I just don't understand.

Another thing that has me a bit miffed is the situation regarding storm drains in our neck of the woods.

Despite our present dearth of precipitation, it hasn't always been so. A few months ago we had such frequent deluges of rain that several of our city streets were flooded. They flooded so badly, in fact, that the runoff ruined the yards and flower beds of a considerable number of tax-paying citizens.

These citizens raised an outcry, and the city not only made restitution for the damages, but installed spiffy new grated storm drains in those troubled areas to circumvent future instances of a similar nature.

The problem is, when the spiffy street sweeper machine comes around, it piles up debris all across the face of those spiffy grated storm drains, effectively blocking them and creating even more of a potential hazard than had existed before they were installed.

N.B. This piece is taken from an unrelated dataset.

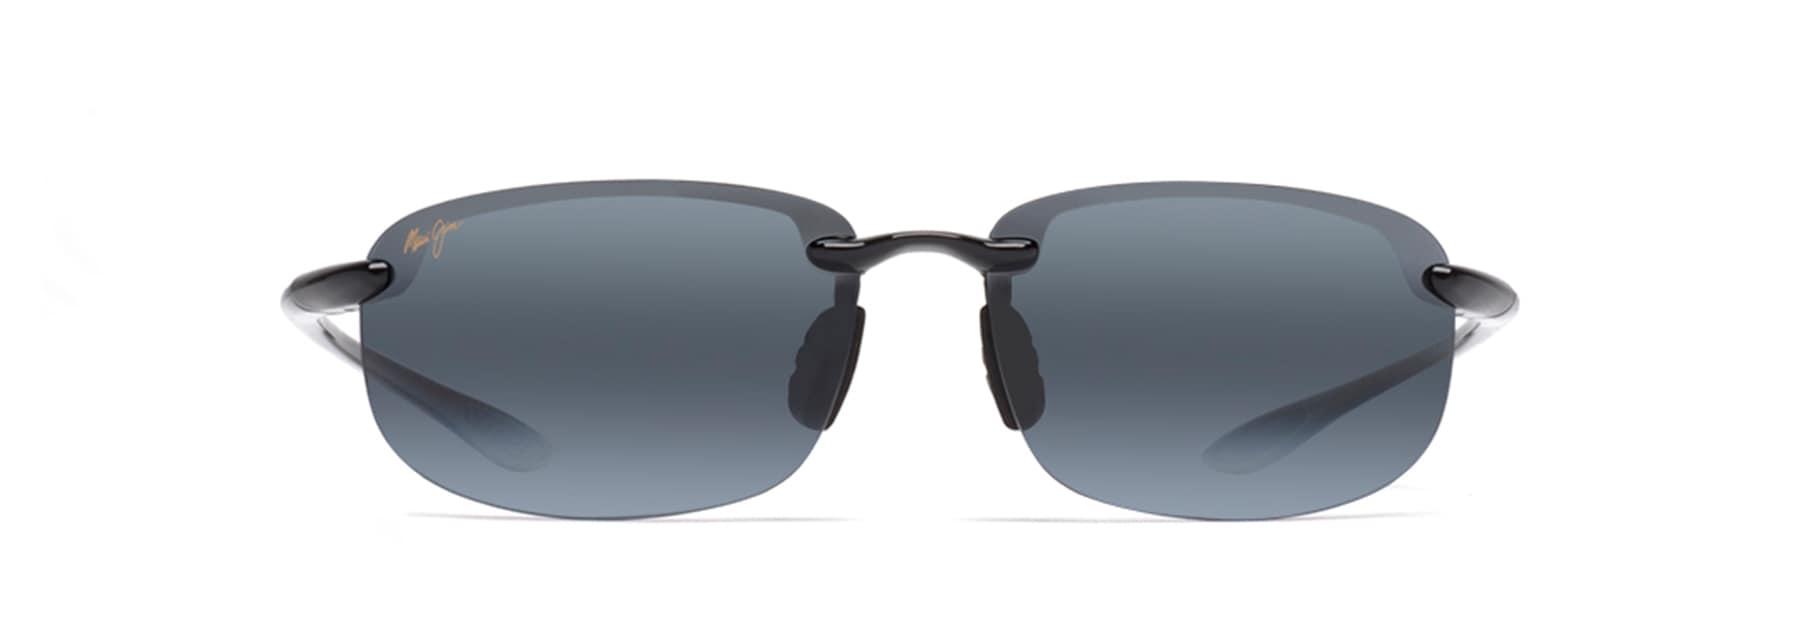 91d58aae9 Ho'okipa Polarized Sunglasses | Maui Jim®

And despite weekly visits by trash crews who dutifully take away garbage, recycling materials and other trash which homeowners pile up by the curb, nobody takes the time to sweep the grates clean and clear obstructions from the spiffy storm drains.

I just don't understand.

Next, there's the most confusing and most interesting case of all for me: the housing market. In the old days, a house was a place where folks settled, lived, raised a family, built memories, grew old, enjoyed the twilight years together and then left to their successors.

Nowadays, a house is a statement. Where you are tells folks what and who you are. How big, how costly, and how decorated your house is, I think, the name of the game.

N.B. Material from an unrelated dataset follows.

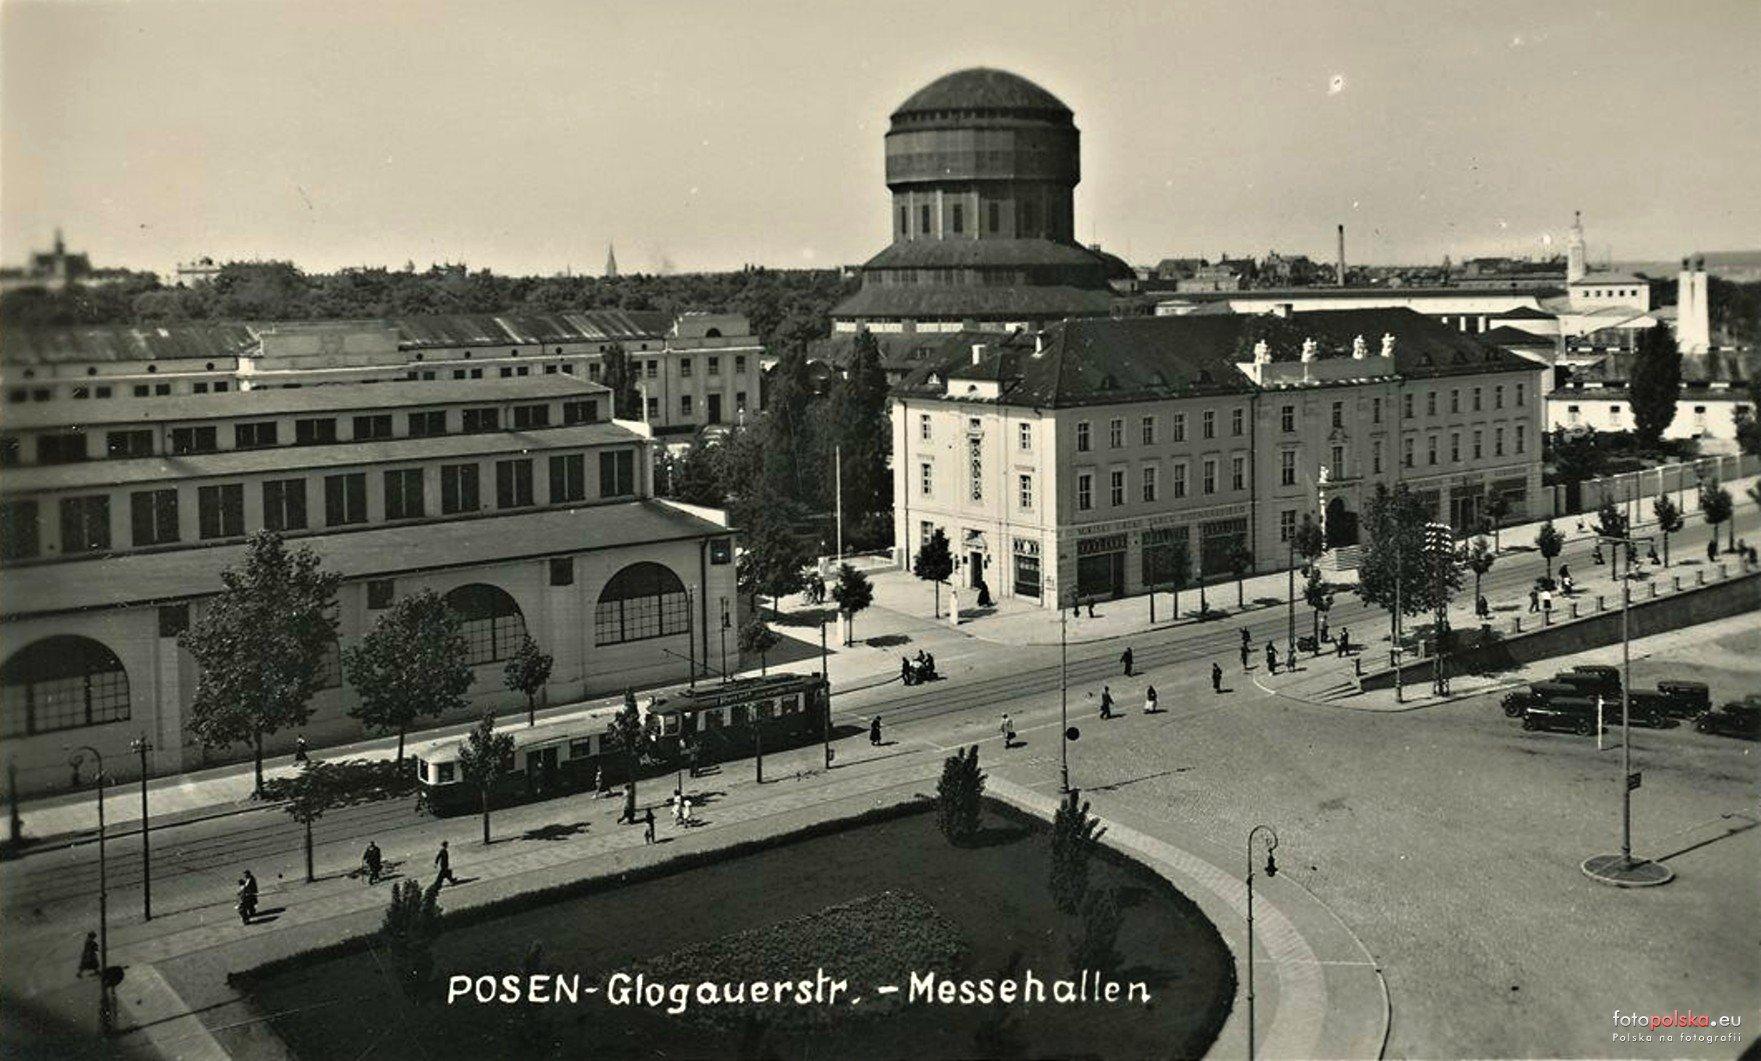 http://fotopolska.eu/foto/17/17296.jpg

What ever happened to a house actually being a home? You know - a place where life happens - not just a place to keep in pristine, perfect order so that it looks like the cover of Southern Living.

And prices for houses these days boggle my mind. I saw an ad for a brand new home in a ritzy, in-town neighborhood, reduced to only half-a-million dollars.

That's ... reduced.

And the first thing the new owner will do will be to buy wide plank, plantation-style blinds and shut them so nobody can see in. Of course, that means the owner cannot see out, either. So they've just paid half-a-million bucks not to be able to see out.

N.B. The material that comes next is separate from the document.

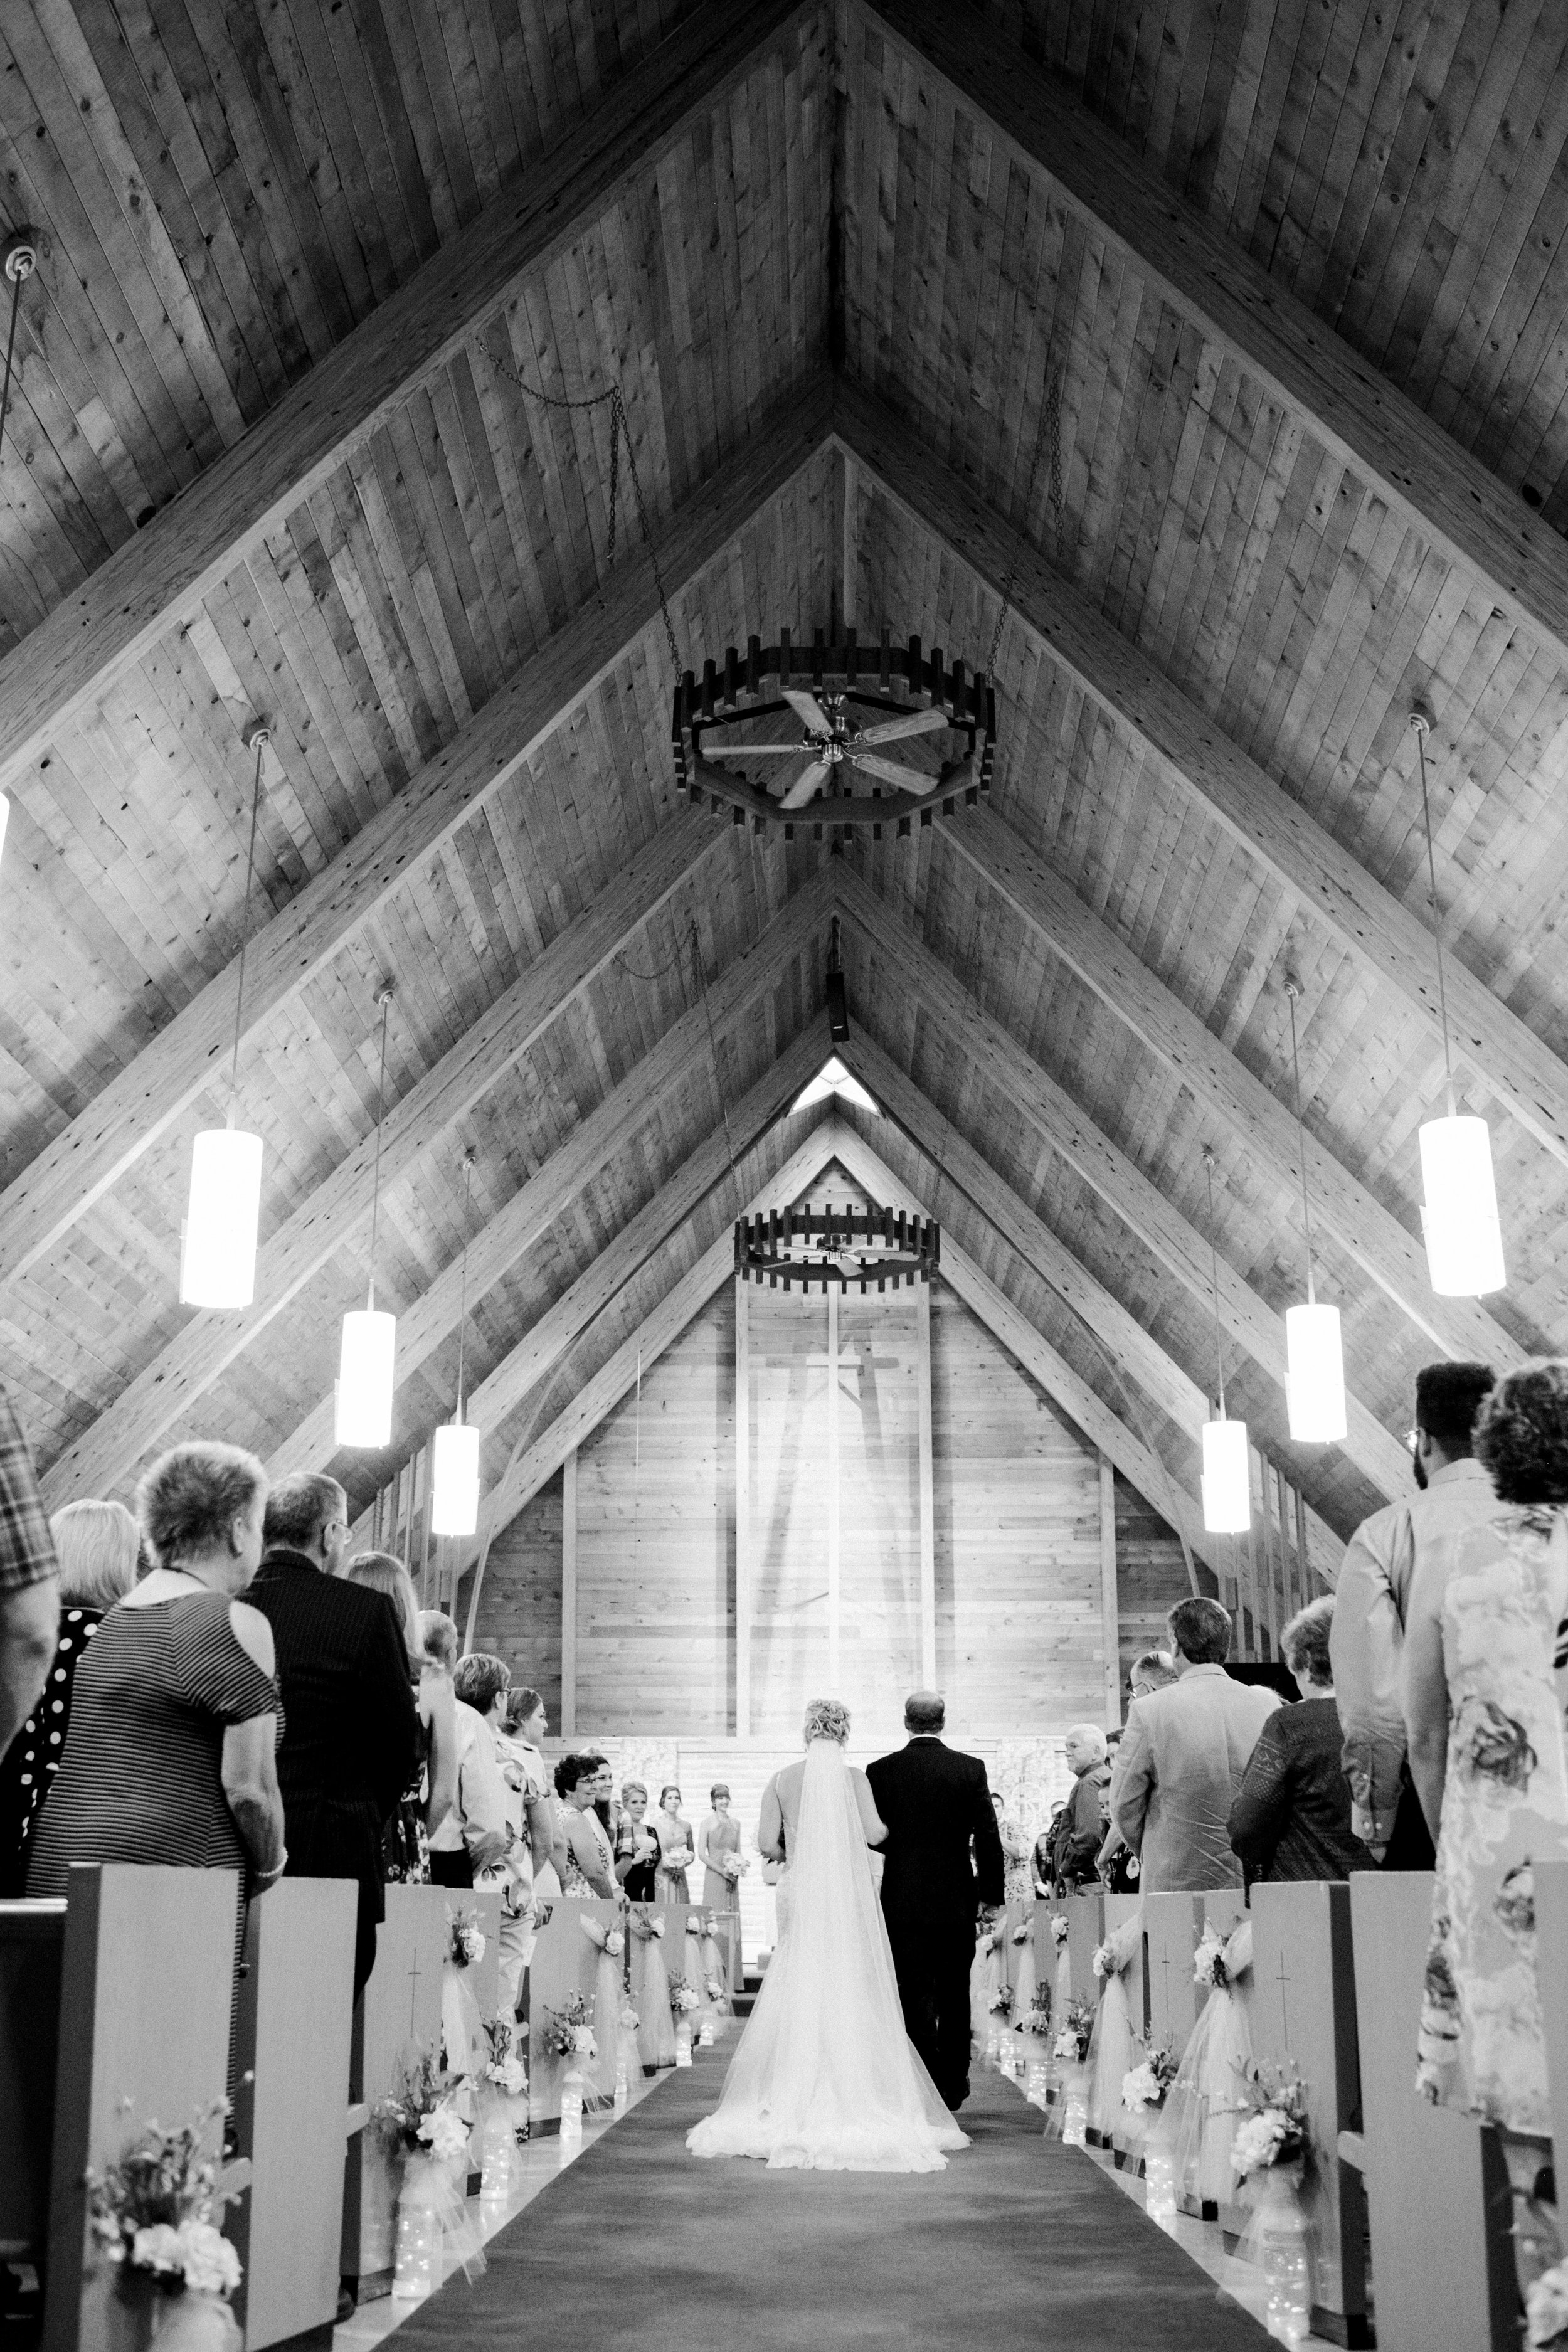 Bethany-Lutheran-Church-New-Libson-WI-Ceremony-Wedding-Photos-63.jpg

Hey, even prisoners can see out of their cells.

I just don't understand.

Finally, though, I find myself most confused concerning recent events involving unruly citizens who failed to follow instructions being shot dead by law enforcement officials.

Just this week a police officer in a metropolitan Atlanta county pulled an erratic motorist over. The police officer instructed the citizen to stay in the vehicle and to keep his hands in plain view. According to televised news reports, the motorist jumped out of the car and approached the officer, making threatening gestures.

The cop shot him dead.

Now, I'm not the brightest crayon in the box. But if an armed policeman tells me to act in a certain manner, I comply. In these crazy times in which we live, police officers are at risk just by being in uniform in the public eye. So when an officer tells me to do something, I follow the Nike shoe slogan mantra: just do it.

But I guarantee you, there will be an inquest into the matter in the neighboring metro county. It'll turn into a witch hunt, and folks will try to portray the officer as the wrong-doer.

News reporters will feast on the proceedings, and officials not even remotely connected to the incident will make grandiose comments as if they were eye witnesses. And the cop, whose life was at risk, who gave clear instructions to the man who was threatening him, will go through a most difficult time as it plays out.

I just don't understand.

For you see, I know a lot of people. I mean, really, I know a lot of people. And of all those folks I know, only two are licensed and have hand guns with them at all times. Just two. And none of the folks I know would jump out of a vehicle and charge at a policeman while making threatening gestures. None of them.

Perhaps when I run into you on the square, or at Kroger, or over at Sharp Stadium, you can explain it to me. Otherwise I guess I'll just have to wait 'til the sweet bye and bye to know what makes some things tick.

But for now, I just don't understand.

Nat Harwell is a Newton County resident whose column appears Sundays in The Covington News.